■ **THE TASK**:
Return the data below unchanged. Drop any pictures.

■ **DATA PROVIDED**:
**********

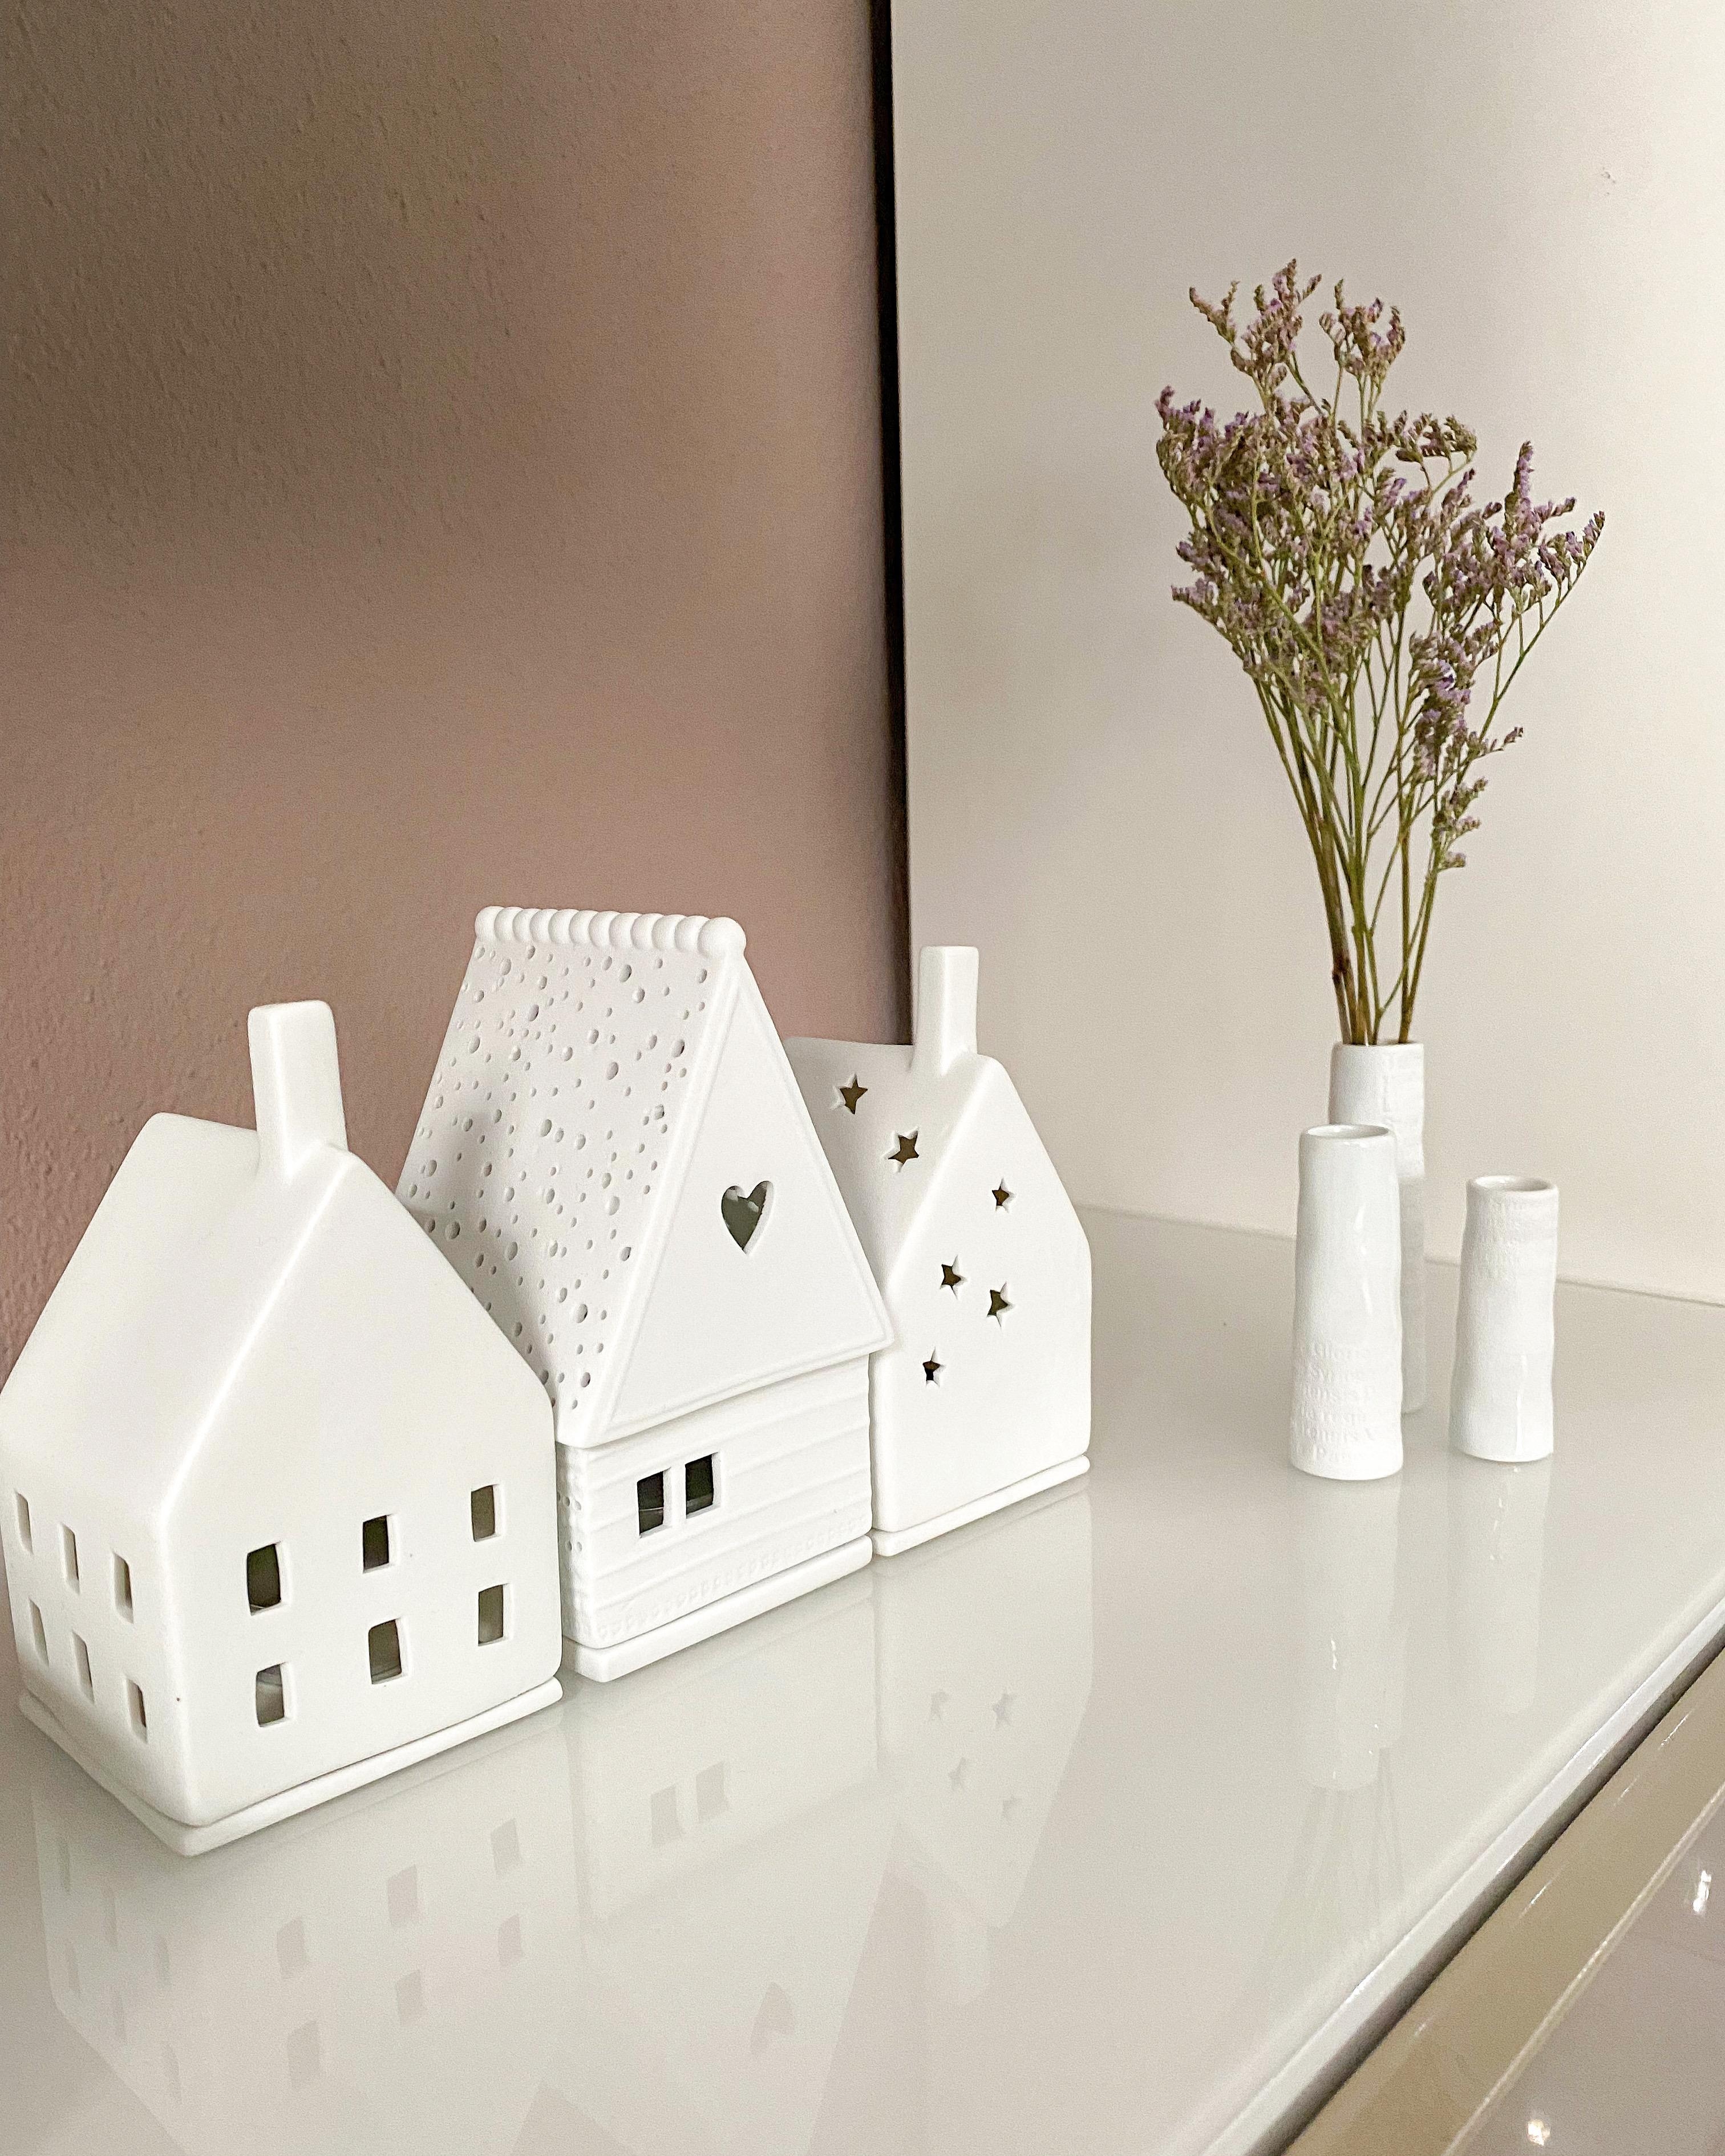 Wundervolle Deko aus
Porzellan ❤️
#häuschen #trockenblumen #vasen #dekoideen

**********

■ **EXERCISE ANSWER**:
 Wundervolle Deko aus
Porzellan ❤️
#häuschen #trockenblumen #vasen #dekoideen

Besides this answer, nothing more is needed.